Il est 5 heures 30 du matin. Je n’ai dormi que trois heures à peine et viens de passer la dernière heure à lire une nouvelle de circonstances.

Sommeil, Haruki Murakami

Cette longue nouvelle n’est sans doute pas le plus beau texte de Murakami. Néanmoins, en le lisant, j’ai une fois encore eu l’étrange impression que ce livre m’était tout particulièrement destiné, et c’est à cela, je pense, que l’on reconnaît les grands auteurs.

Sommeil évoque les dix-sept nuits sans sommeil d’une jeune trentenaire. Je pourrais me contenter de cette unique phrase pour résumer ce court texte. Seulement, comme d’habitude, il est impossible de résumer Murakami.

Nous voici donc aux côtés de cette femme dont nous ne connaîtrons pas le nom. Elle mène une vie bien rangée de femme au foyer, occupant ses journées à la préparation des repas pour son mari, dentiste, et son fils, à faire le ménage et les courses. Une nuit, elle se réveille après un cauchemar dont elle ne conserve pas de souvenir si ce n’est une sinistre impression.
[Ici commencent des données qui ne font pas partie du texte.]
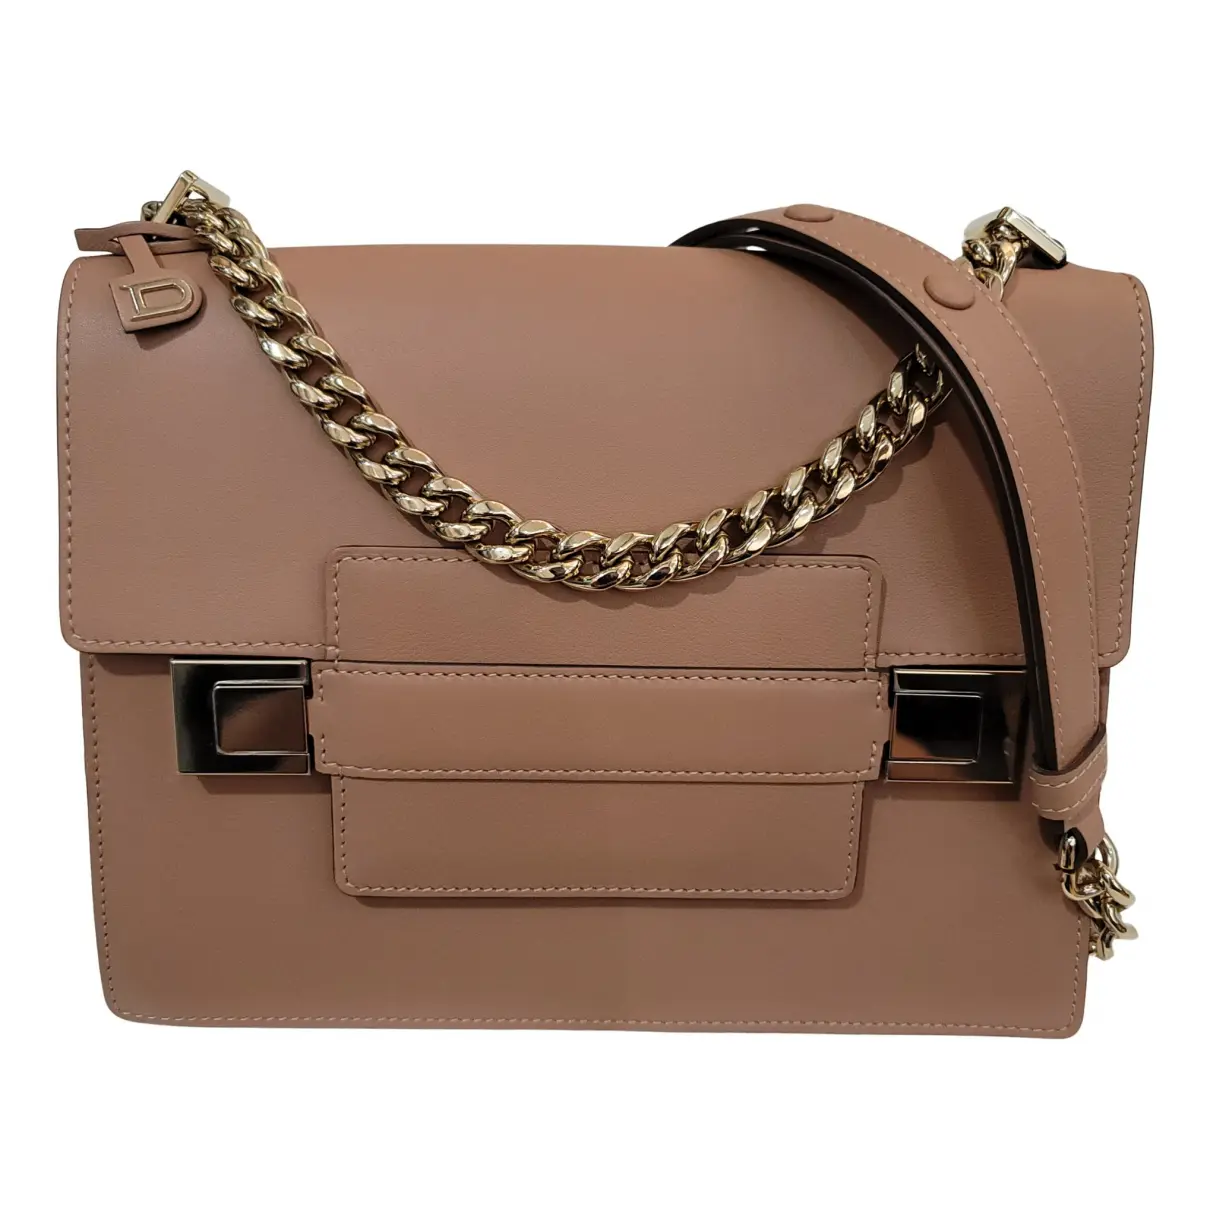 Madame leather crossbody bag Delvaux

Juste après, elle est victime d’une sorte d’hallucination, d’une vision terrifiante entre rêve et réalité comme sait si bien les créer Murakami. Un vieillard est au bout de son lit, en face d’elle, et lui arrose les pieds. Elle semble consciente mais lorsqu’elle cherche à allumer l’interrupteur, elle se rend compte qu’elle ne peut faire aucun mouvement. Son cri d’angoisse restera enfermé dans sa gorge. Trempée de sueur et bouleversée par ce dernier rêve qui ressemblait si étrangement à la réalité, elle se lève.

A partir de là, elle ne dormira plus. A partir de ce moment, elle passera ses journées et ses nuits à relire Anna Karénine, le roman-fleuve de Tolstoï. Peu à peu, elle prend conscience de la valeur de son esprit et décide de profiter intensément du temps supplémentaire accordé par ces étranges insomnies.
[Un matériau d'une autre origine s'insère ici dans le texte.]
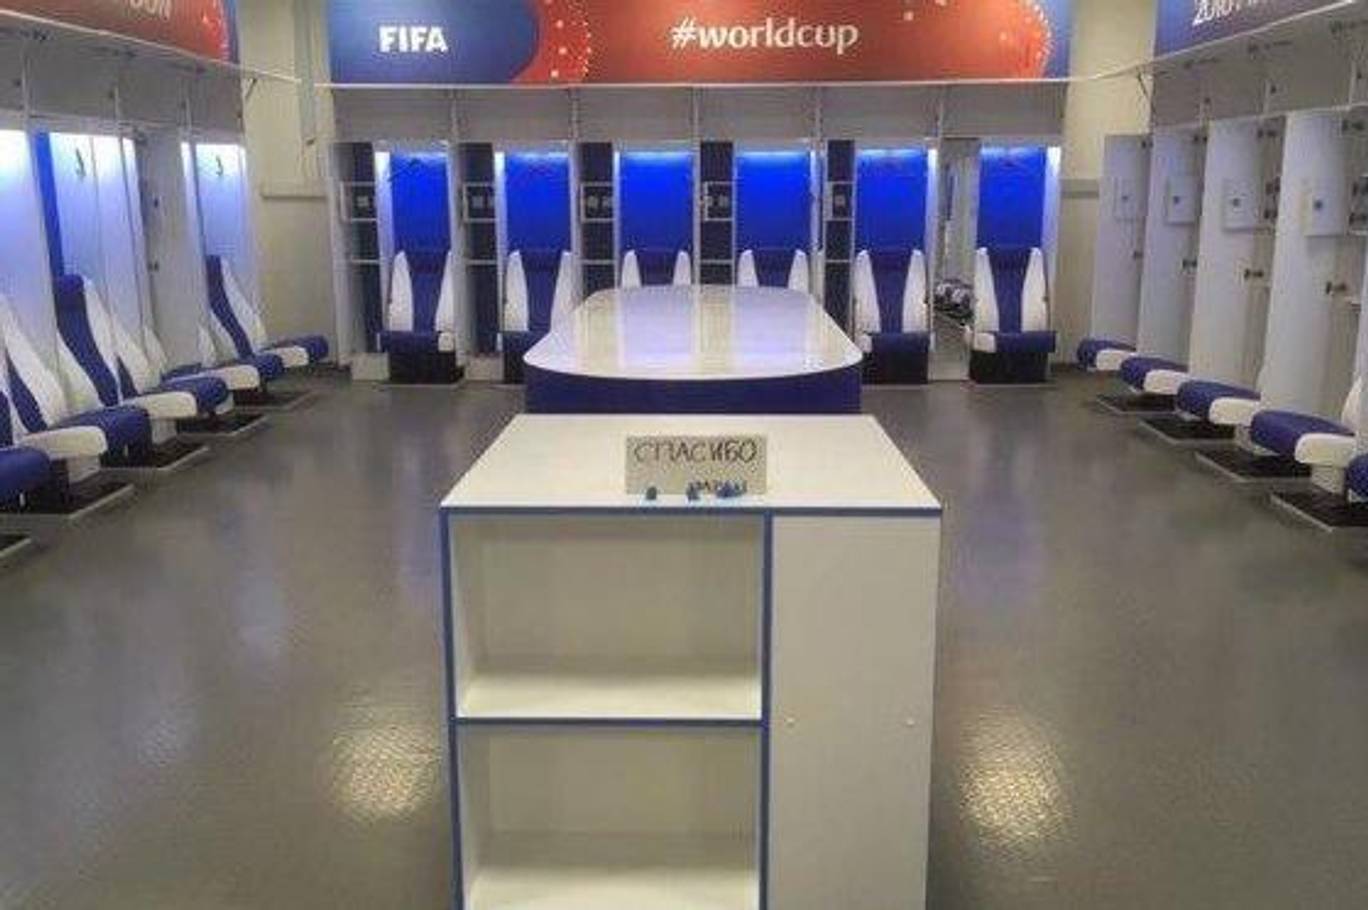 Japan team leave World Cup dressing room clean with ‘thank you’ note

Inutile d’en raconter davantage, j’en ai sans doute déjà bien trop dit. Dans un style épuré, Murakami nous plonge une nouvelle fois au cœur de la nuit qui semble être une immense source d’inspiration pour lui vu la présence considérable qu’elle occupe dans l’ensemble de son œuvre.

Ce texte envoûtant et énigmatique, superbement illustré par Kat Menschik, se lit donc très facilement. Je regretterai simplement une fin un peu trop rapide à mon goût.